У Кати задрожали губы.
Кэролайн раскрыла объятия, и девочка, всхлипывая, прижалась к ней.
— Почему? Почему? — заливаясь слезами, спрашивала Катя.
Кэролайн попыталась улыбнуться, но не смогла. Из ее глаз тоже хлынули слезы.
— Что ты хочешь сказать, дорогая? — спросила она, гладя девочку по головке.
— Что я такого сделала? — воскликнула девочка, еще крепче прижимаясь к Кэролайн. — Почему она не любит меня?
У Кэролайн защемило сердце. Она уткнулась лицом в Катины волосы и заплакала, дав выход своему горю.
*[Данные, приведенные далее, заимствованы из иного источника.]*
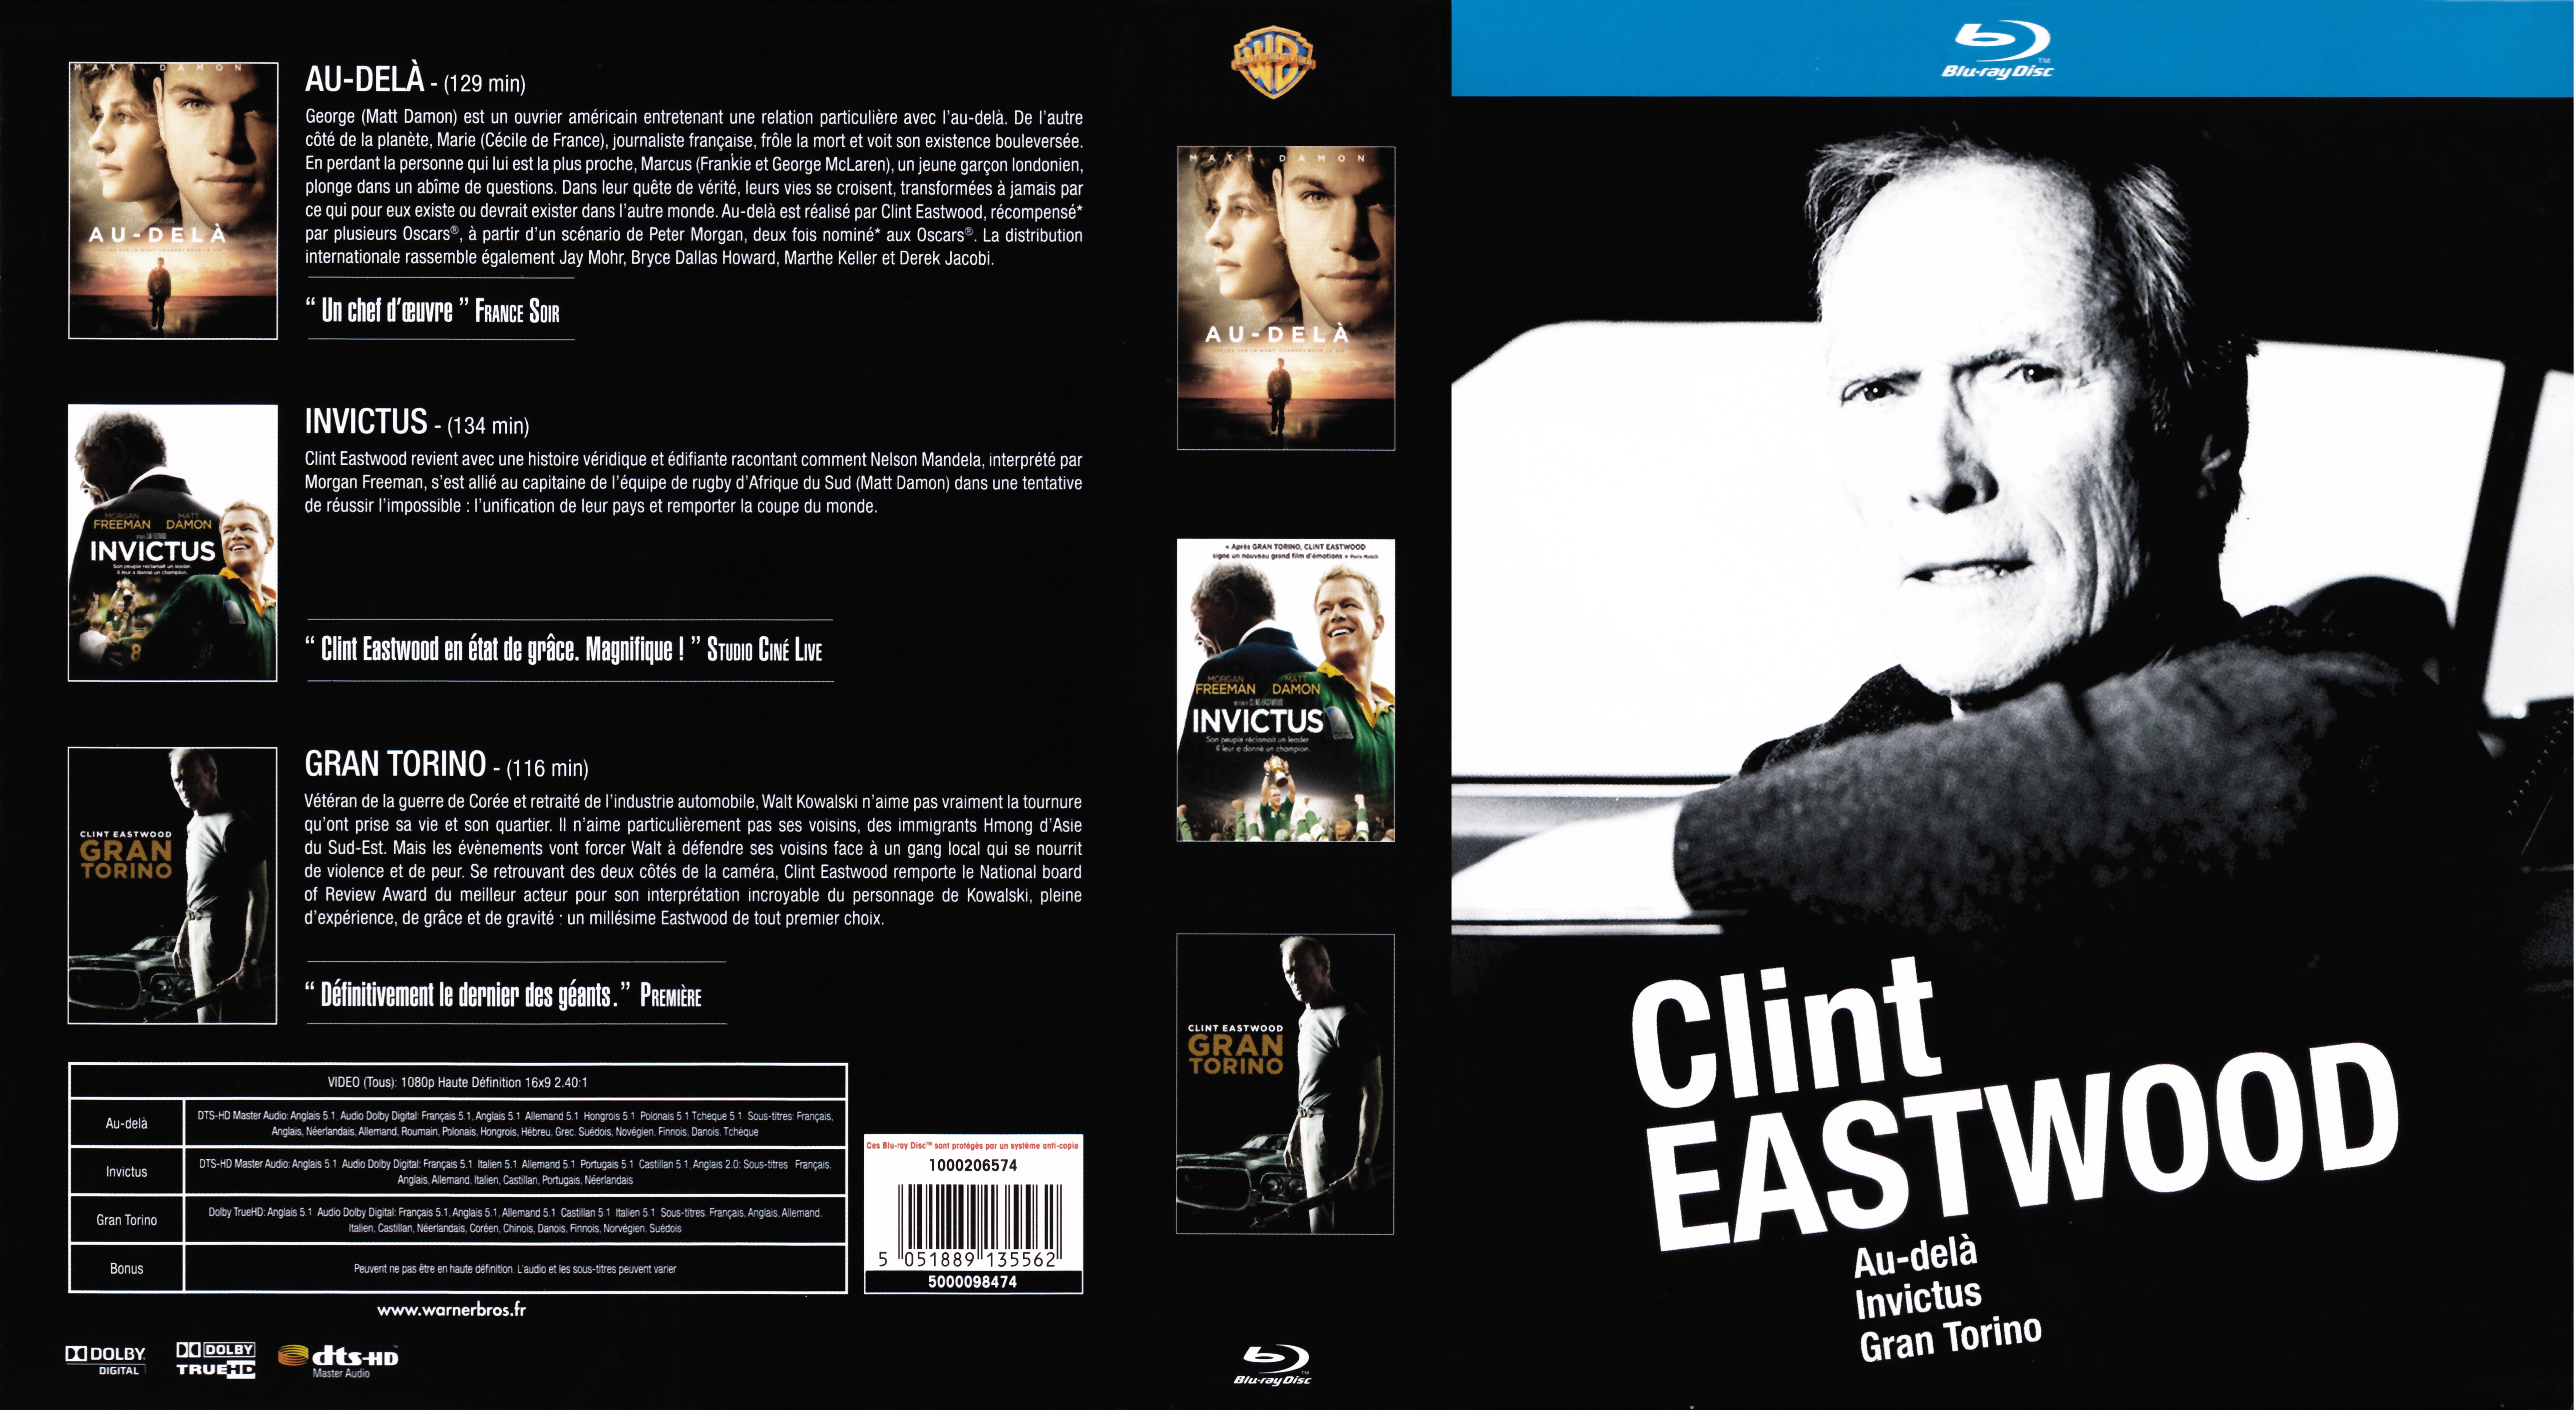 Jaquette DVD Clint Eastwood  Au-dela + Gran torino + Invictus COFFRET (BLU-RAY)

«Что я такого сделала? — думала Кэролайн. — Почему он не любит меня?»
Мари-Элен вернулась домой только на следующий день в обеденное время. Кэролайн так и не уехала из России. Ей было бы крайне трудно одной добираться до Англии, а кроме того, она не могла сейчас бросить Катю на произвол судьбы. С момента появления матери в Петербурге девочка замкнулась, стала молчалива и утратила всякий интерес к занятиям. Кэролайн считала, что отчасти даже хорошо, что Катя выплакалась и вообще научилась открыто проявлять свои эмоции. Она заметно изменилась и уже не была тем ребенком, которого Кэролайн впервые встретила несколько месяцев назад.
Мари-Элен вошла в столовую в светло-голубом шифоновом бальном платье с предельно глубоким декольте, хотя был всего час пополудни. Ее черноволосую голову украшала бриллиантовая диадема, а шею — тройная нить жемчуга. Она остановилась в дверях и весело улыбнулась, как будто вернуться в такое время с приема было для нее самым обычным делом. Щеки княгини разрумянились, в руке она держала соболий палантин.
— Добрый день, — оживленно проговорила Мари-Элен.
Катя сидела за столом, напряженно выпрямившись, и смотрела на стену поверх головы матери. По выражению ее лица нельзя было догадаться, о чем она думает. Девочка походила сейчас на изысканную фарфоровую куклу.
— Что случилось, детка? Ты не радуешься такому прекрасному утру? А я чудесно провела время! — Она подошла к дочери и обняла ее. Девочка не двинулась. Мари-Элен обратилась к гувернантке:
— Тэйчили, я намерена немного вздремнуть. Прошу не беспокоить меня до шести часов. Потом прикажите принести мне чай и шоколадные конфеты с начинкой из малинового крема — ну, те самые, которые я обожаю.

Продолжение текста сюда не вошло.